Grajales, F., Clifford, D., Loupos, P., Okun, S., Quattrone, S., Simon, M., . . . Henderson, D. (2014). Social networking sites and the continuously learning health system: A survey. Institute of Medicine of the National Academies.

  • An analysis of results from two surveys, one conducted by the Consumer Reports National Testing and Research Center, and a second conducted by PatientsLikeMe.
  • Findings include 94% of US social media users with health conditions would share anonymous health data for health research.
  • Despite concerns about risk, respondents felt the benefit of sharing outweighed the risk.

Gymrek, M., McGuire, A. L., Golan, D., Halperin, E., & Erlich, Y. (2013). Identifying personal genomes by surname inference. Science, 339(6117), 321–324.

  • Quantified the potential to identify targets in anonymous genetic sequence data.

Hildebrandt, M., O'Hara, K., & Waidner, M. (Eds.) (2013). Digital Enlightenment Forum yearbook 2013: The value of personal data. Amsterdam: IOS Press.

  • Edited volume of 16 chapters devoted to understanding personal data issues from legal, computer sciences, ethics, social science, policy, and engineering perspectives.
  • Issues include privacy, ethics, consent, open data, and data control.

Homer, N., Szelinger, S., Redman, M., Duggan, D., Tembe, W., Muehling, J., . . . Nelson, S. (2008). Resolving individuals contributing trace amounts of DNA to highly complex mixtures using high-density SNP genotyping microarrays. PLoS Genetics, 4(8): e1000167.

  • Assessed the probability of determining that a person or relative participated in a genome-wide association study.

Huberman, B. A. (2012).

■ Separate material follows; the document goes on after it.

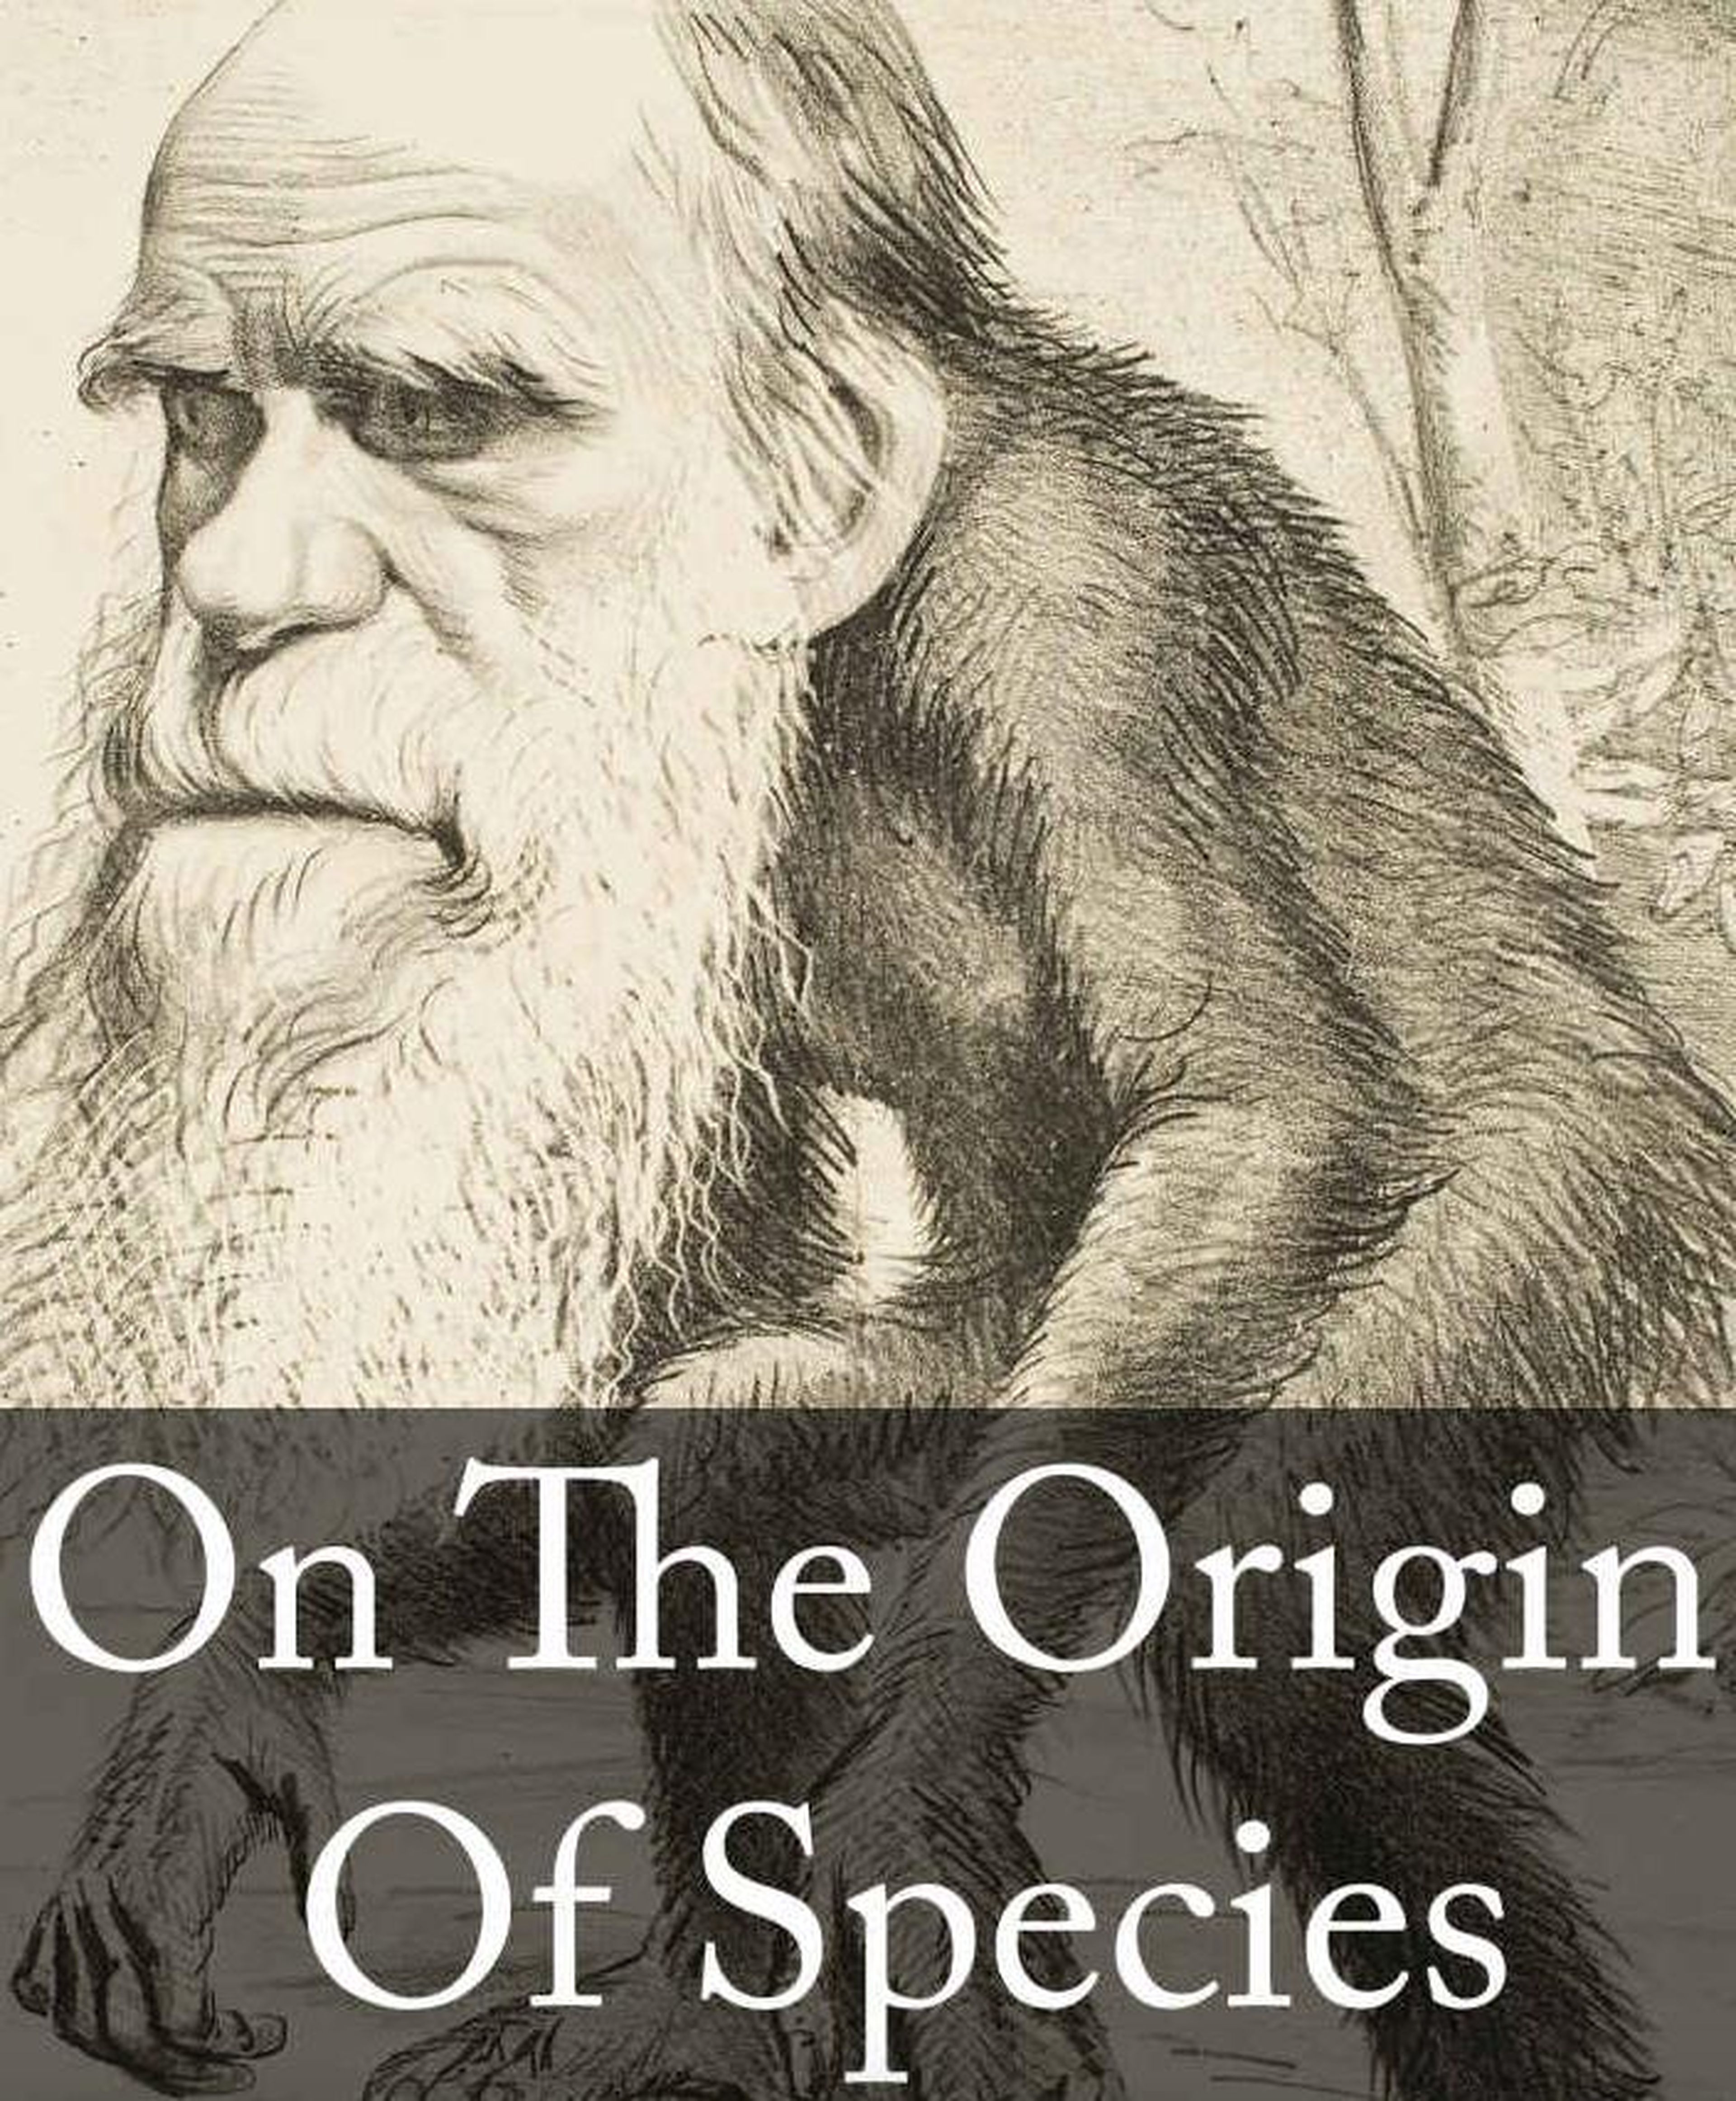 Neil deGrasse Tyson: "On the Origin of Species" by Charles Darwin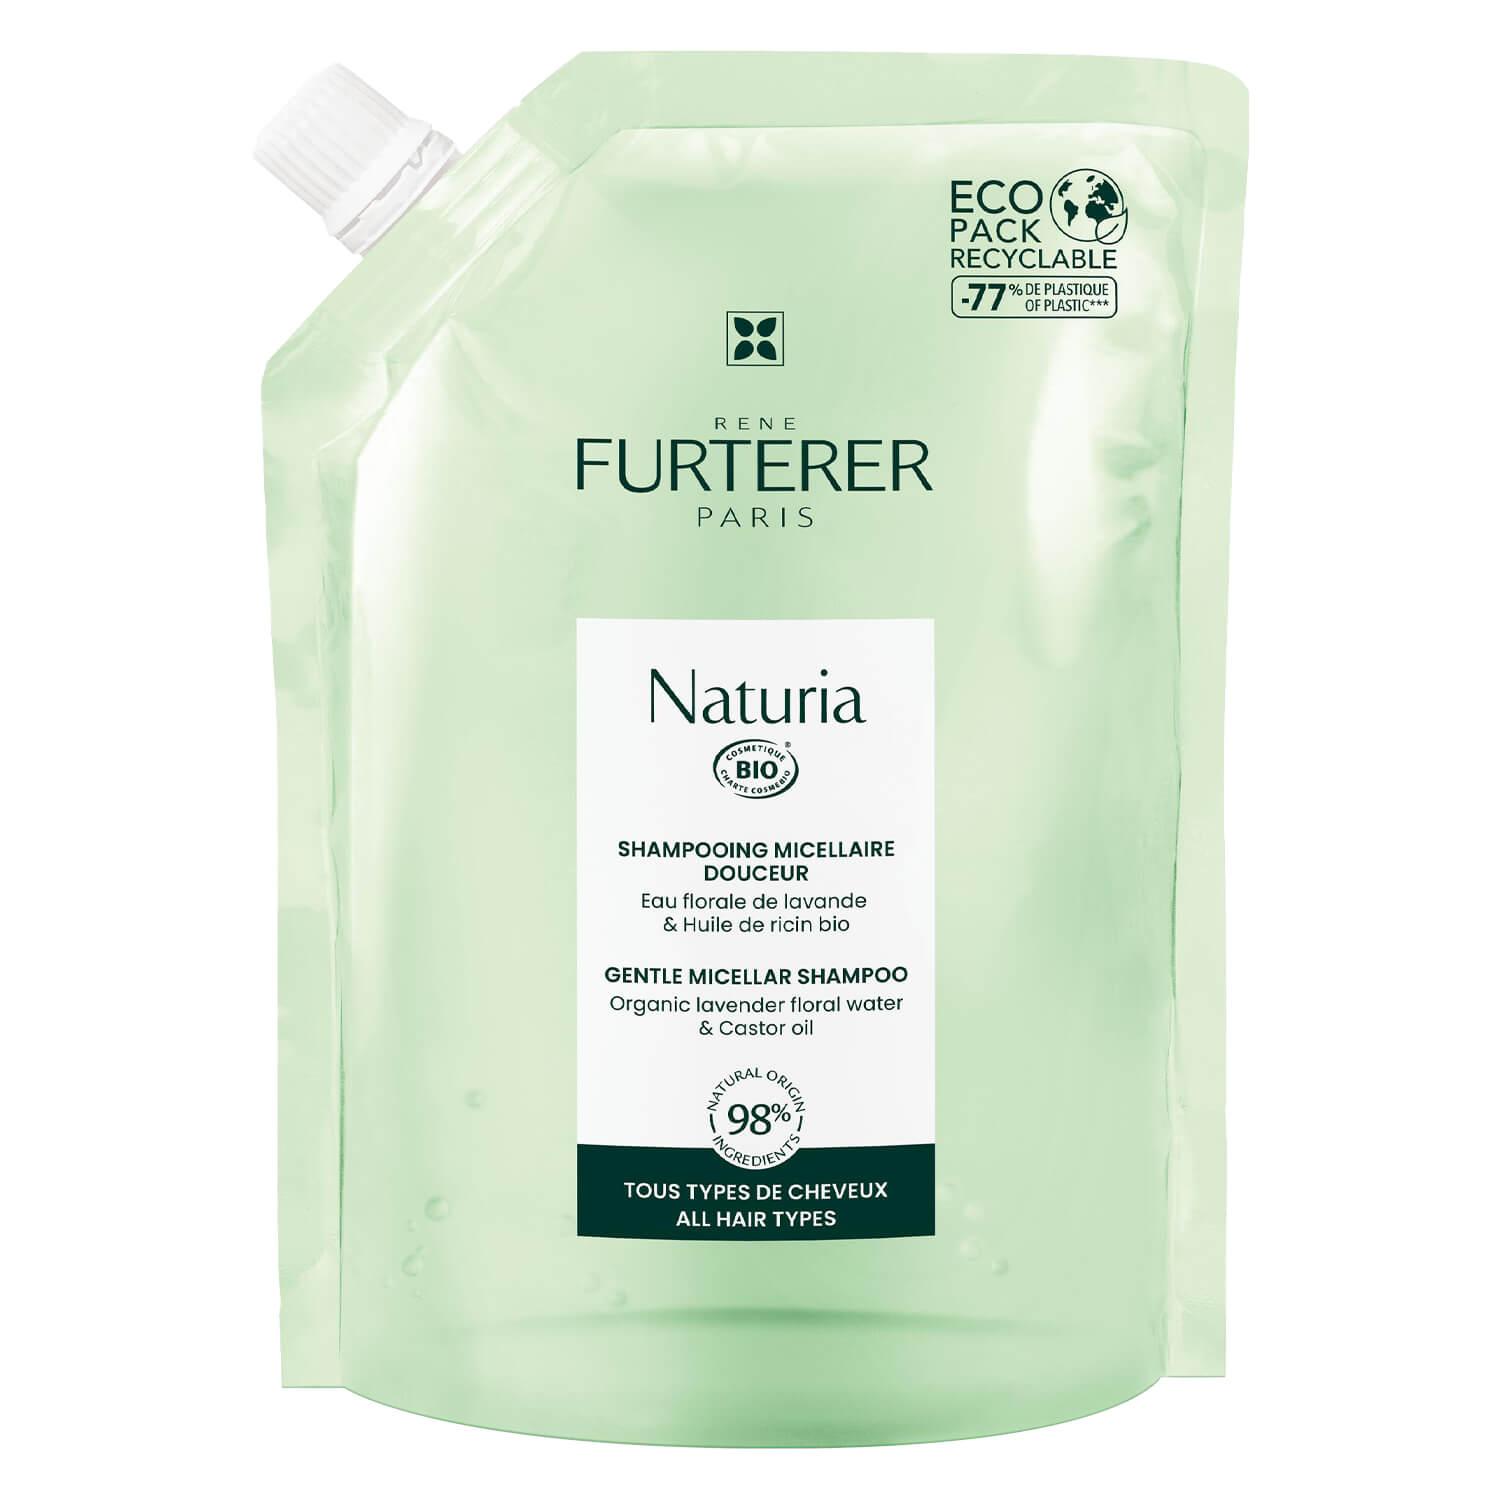 Naturia - Gentle Micellar Shampoo Refill

Sociology of science: Big data deserve a bigger audience. Nature, 482(7385), 308.

  • Brief letter by affiliate of HP Labs, raising concern about big data for published studies not being publicly available.
  • Expresses concern that proprietary data (Facebook, Google, etc) used for published studies isn't made publicly available, making verification and replication impossible.
  • Huberman: this trend could result in a "small group of scientists with access to private data repositories enjoying an unfair amount of attention."
  • In response to a conference he chaired in which three scientists from Google and the University of Cambridge declined to release data they had compiled for a paper on the popularity of YouTube videos in different countries.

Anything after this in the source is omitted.